Did some reading, and from what little information was out there it seemed like people liked the unit, but found the foot operated feed mechanism to be the weak point. So for fun, I disconnected the cable and foot pedal and built a simple lever arm to feed the cutter into the work piece.

I haven't put it to the test yet and I don't know if I really need this kind of unit (which seems geared more towards higher volume biscuit slot cutting than the Porter Cable hand unit I have been using).

Anybody have experience with, or thoughts about, this unit?


----------



## KGRRSteve (Dec 12, 2012)

A couple of reference links:

http://www.woodweb.com/knowledgebase/StationaryBiscuit_Joiners.html

http://www.normstools.com/images/normstools/32-100.shtml


----------



## KGRRSteve (Dec 12, 2012)

Nobody here has used one?


----------



## AlaskaGuy (Jan 29, 2012)

I know this is an old thread but I just found it.
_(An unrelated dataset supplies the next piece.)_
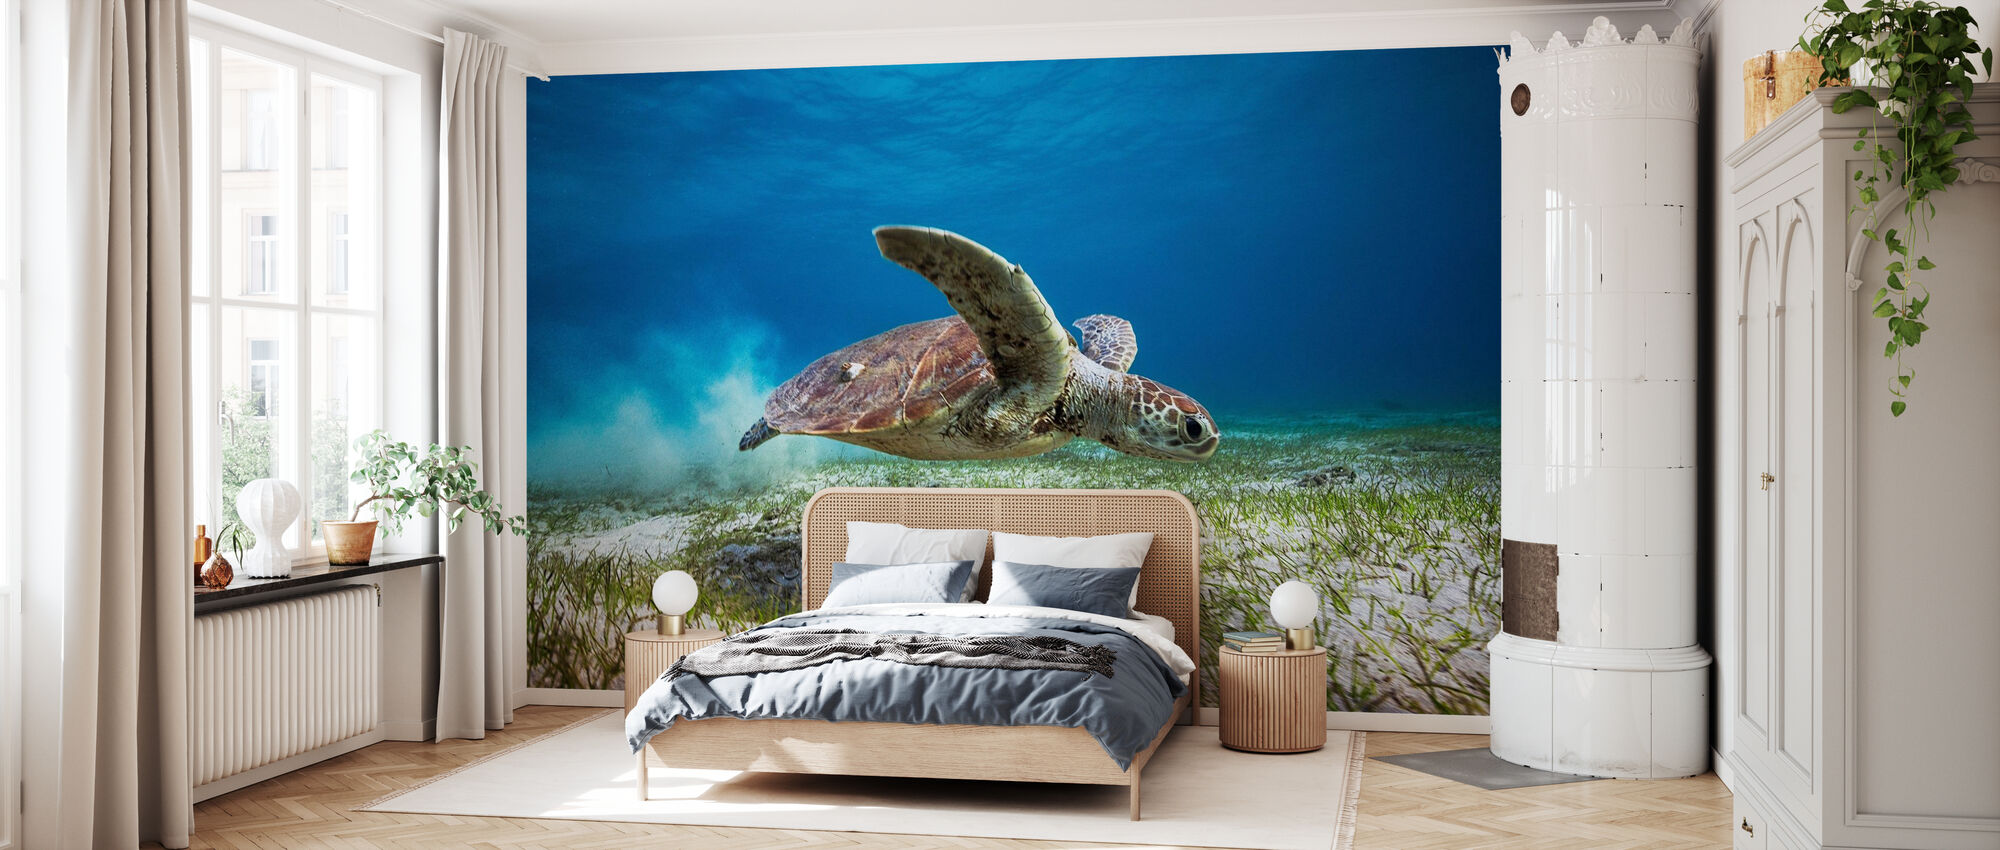 Take Off - Wallpaper - Bedroom

I've had a Delta 32-100 for many years. I only use it for face frame stock but it really excels at that. I added an air cylinder because the original food feed didn't work that well. The rest of the machine works great.








http://i119.photobucket.com/albums/o159/rmccomas0043/BJLarge.jpg[/IMG[/URL]]


----------



## KGRRSteve (Dec 12, 2012)

I like that air cylinder mod. What kind of control valve is that? Can you control the cutter feed rate with it?

So far I've been really happy with the simple hand lever I'm using. I've only used it on 1/2 dozen projects (at most), but it does a nice job and it's quick to locate and clamp stock and cut consistent slots.


----------